James O'Keefe's New Story About the 47 Percent Video Is Totally False
There's no scoop here.
By David CornOct
James O'Keefe is at it again. The conservative video maker often accused of selective editing and once arrested and convicted for an undercover caper at a senator's office, has released a new series of videos targeting a few Democratic and progressive organizers. His operatives pretended to be interested in funding Democratic political activities and secretly recorded the Democratic activists; the videos O'Keefe released have become a cause célèbre for conservatives, including Donald Trump, who claim they show Ds engaged in dirty tricks. Of course, there are questions about the editing of the tapes. And on Wednesday night, O'Keefe released another hidden-camera video showing one of these Democratic activists talking about the Mitt Romney 47 percent story I broke in 2012. The supposed scoop: The video of Romney dismissing half the nation as irresponsible freeloaders was somehow the result of covert Democratic machinations. The truth: It wasn't.
This O'Keefe video featured Scott Foval, who was the national field director of Americans United For Change, a progressive organization, until an earlier O'Keefe video led to his firing. Talking about bird-dogging—a common practice in which political groups send people to campaign events for candidates they oppose to ask questions or protest—Foval noted that Democratic bird-doggers "negotiated to get that lawyer in in Florida who recorded the 47 percent." "Wait," the covert O'Keefe comrade said, "I thought that was a bartender." And as the world knows now, it was a bartender named Scott Prouty who had recorded that Romney fundraiser in Boca Raton and eventually shared the video with Mother Jones after I tracked him down.
No, Foval said, "the lawyer took his phone and had the bartender walk around with it and set it up." He went on: "It was a whole coordinated operation to get the phone in because they had taken away all the cellphones from all the staff."

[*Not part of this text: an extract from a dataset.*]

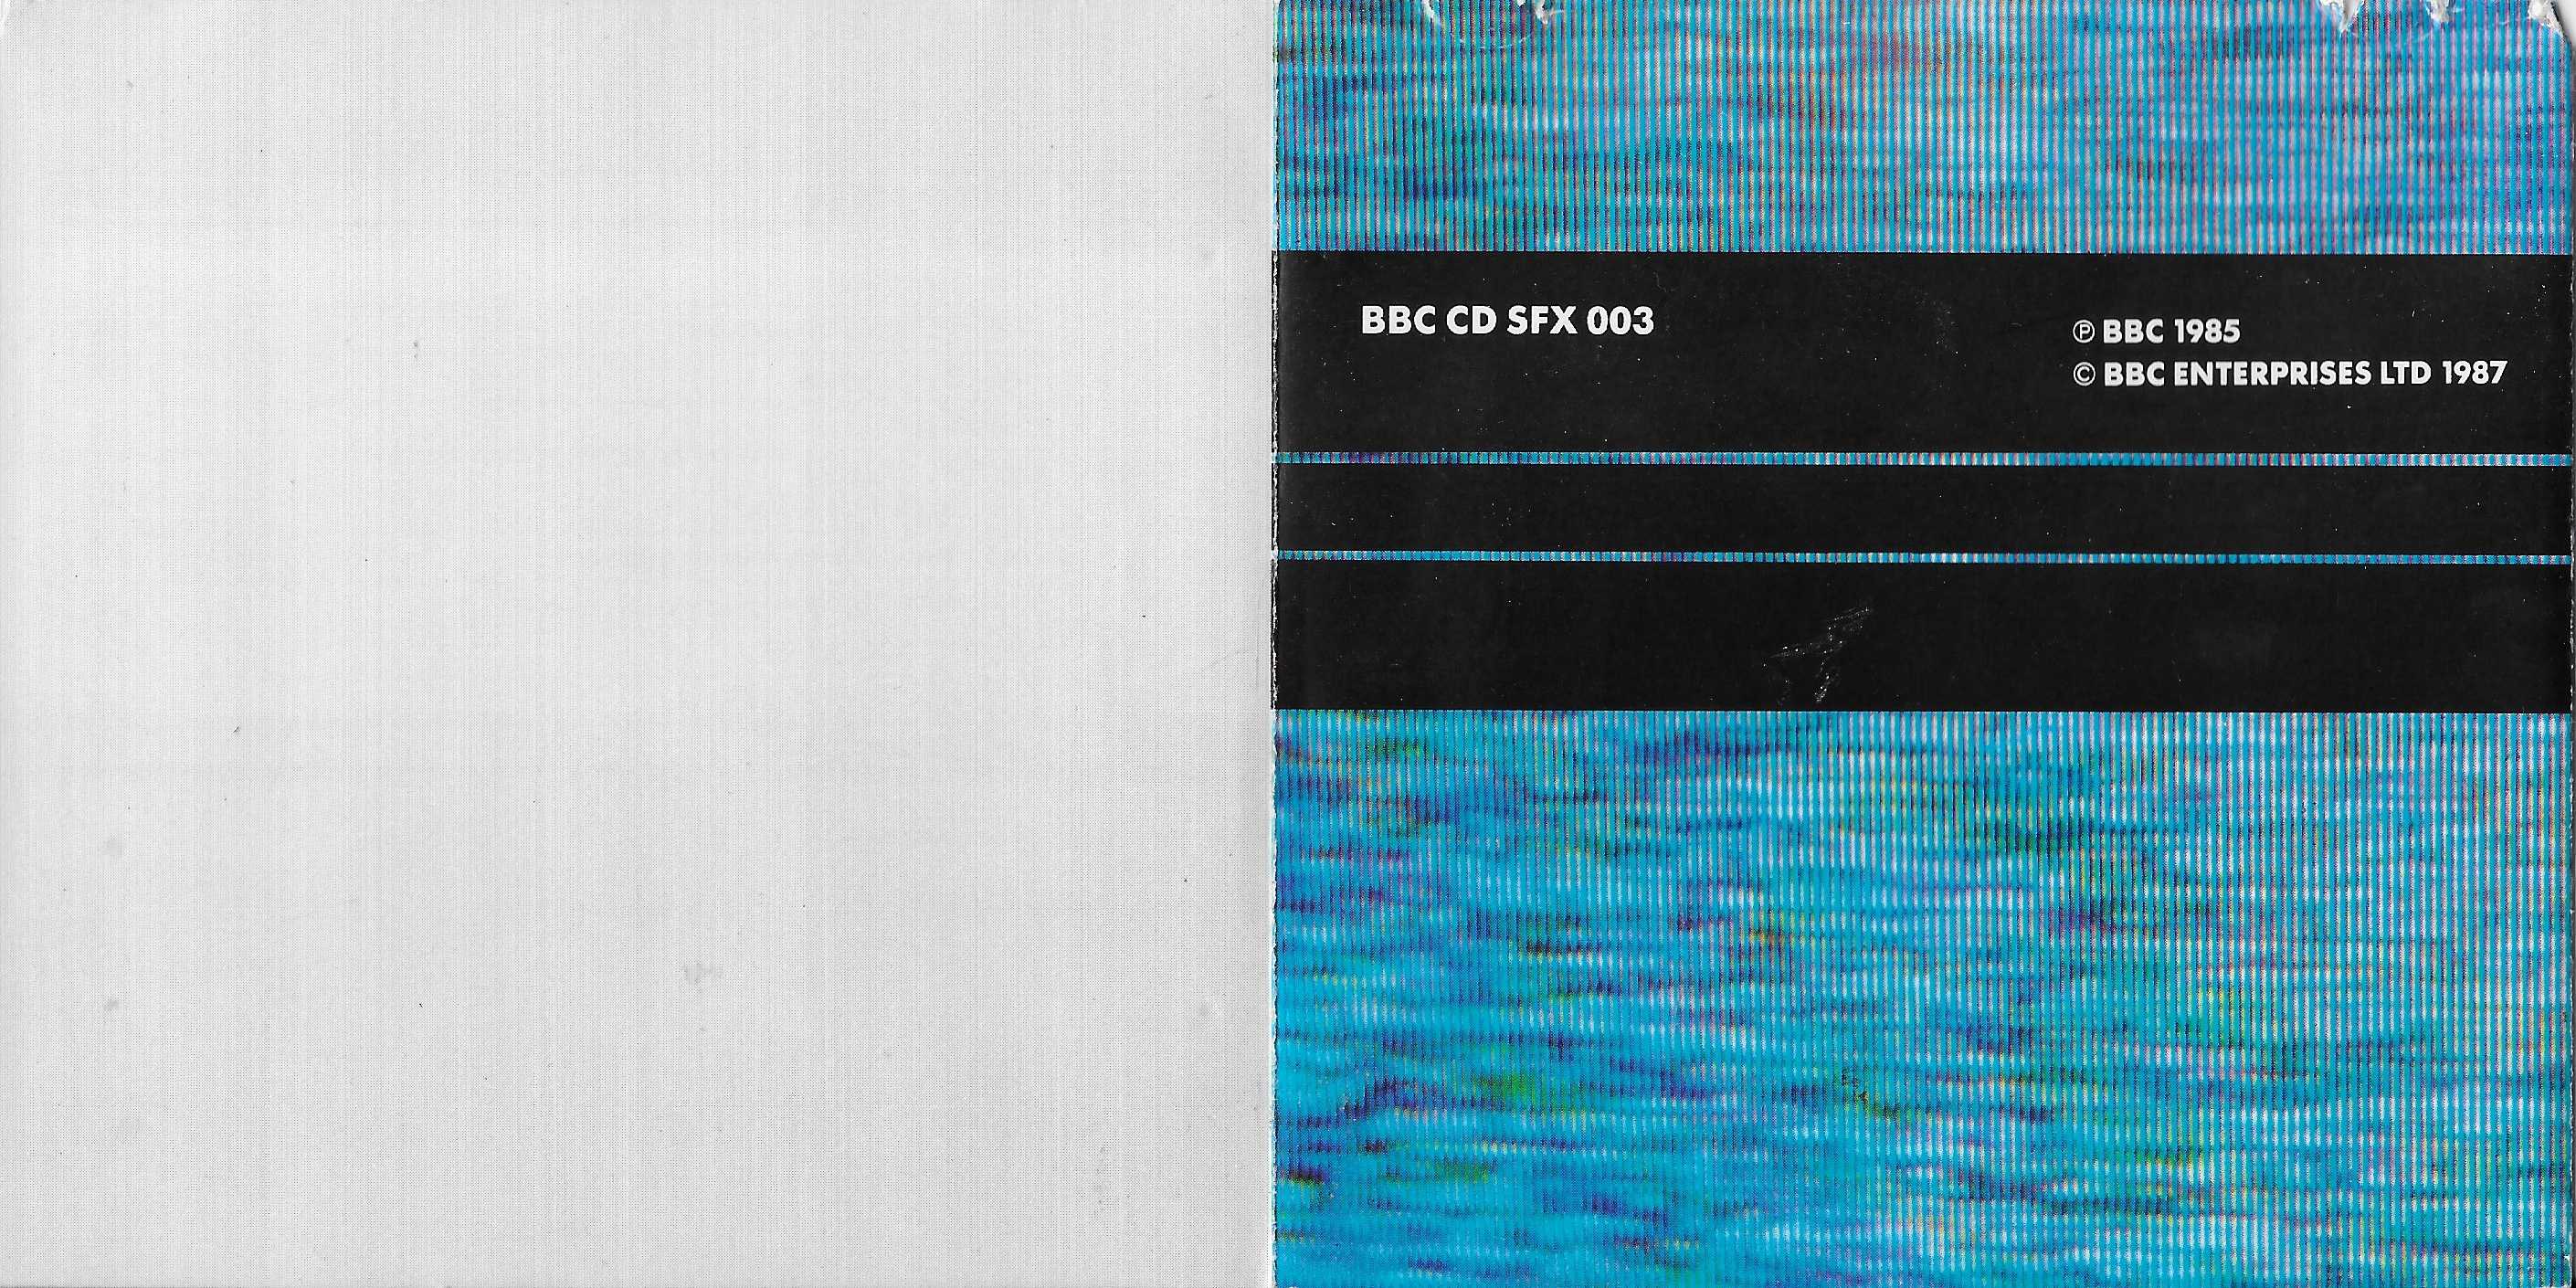 Middle of cover of BBCCD SFX003

Foval had it wrong. Prouty tells me this account is "nonsense" and "fiction." (After keeping his identity a secret for months after the 47 percent video came out, Prouty told his story here.) No lawyer or network of Democratic schemers were involved in sneaking in a recording device to the $50,000-a-plate fundraiser at hedge fund manager Marc Leder's house to obtain the footage. The video was not shot with a cellphone. Prouty, who was working for the caterer, used a camera he had brought to the event. He was flying solo and not part of any Democratic conspiracy to capture Romney saying what he actually said.

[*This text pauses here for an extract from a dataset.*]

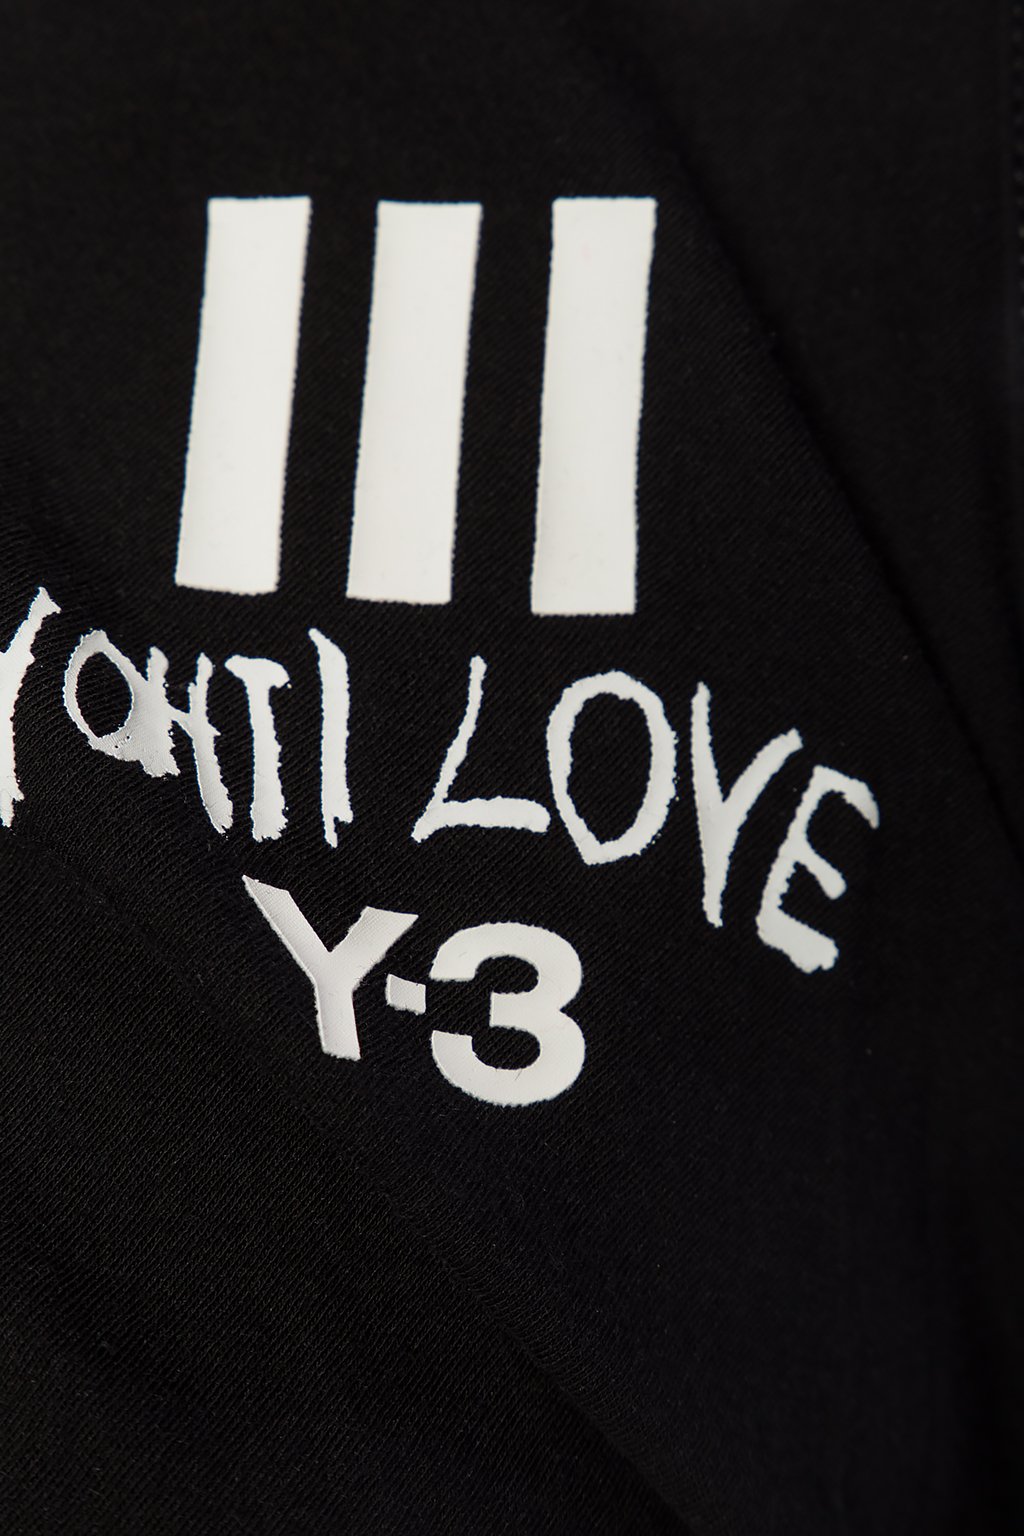 y3 brand

Yet O'Keefe and other conservatives now claim they have the real story behind the story. What happened? I reached Foval, who I didn't know before, and spoke to him today. He had left his Wisconsin home after receiving numerous death threats. Referring to this latest video, he said, "What I said wasn't accurate." He explained that he had conflated two events. He noted that he had once heard a secondhand story from a donor about how some Democratic activists had infiltrated a campaign event by having a lawyer with an invitation bring in a cellphone—and he had mixed this up with the 47 percent episode. "I was being too confident" in talking about it, he said, remarking that he had been trying to impress the O'Keefe operatives. At the time of the 47 percent fundraiser, Foval noted, he was working for People For the American Way and would have had nothing to do with infiltrating a Romney fundraiser. (And there's this: Prouty first made the video somewhat public by anonymously placing a few snippets from it on various websites, months before I found him and persuaded him to share the full hour-plus footage with me—which is not how a political operation would have put the video into play.)
Foval had said what he said. But did O'Keefe do anything to corroborate this assertion? I called him and asked. No, he said. In fact, O'Keefe insisted, he had no obligation to seek confirmation of Foval's statements. "I'm reporting what he said," O'Keefe told me. He added, Foval "sounded pretty sure of himself at the time." I asked if a reporter could accept something as true merely because someone had said it. "We did not lead him on," O'Keefe replied. He continued: "We just report what we hear and what we see." Of Foval, he said, "Of course, he's going to deny it."
We then entered into a frustrating discussion about journalistic standards. Should reporters make public any assertion a person makes? I asked. O'Keefe pointed to the 47 percent video and the recent Access Hollywood tape that showed Donald Trump bragging about committing sexual assault. Where those videos corroborated? he asked. I explained there was a significant difference between a video capturing a public official talking about their own beliefs and actions and a video in which a person not directly connected to an event claims to have knowledge about it. O'Keefe kept insisting there was no difference. "He made a statement that was interesting," O'Keefe said. "I put it out to the world." His bottom line: "The video speaks for itself."
I asked O'Keefe if he would release the raw footage he used for this video and the others he recently issued. His targets, claiming they are victims of biased editing, have called on him to do so. No, he said.
O'Keefe's supposed exposé, which Bill O'Reilly promoted on Fox News, rests on a mistaken, jumbled, brief anecdote told by a fellow with no direct link to the 47 percent video—who admits he got it wrong. And there was no effort to substantiate this account. "A lot of reporting is what people say," O'Keefe told me. Not in this case.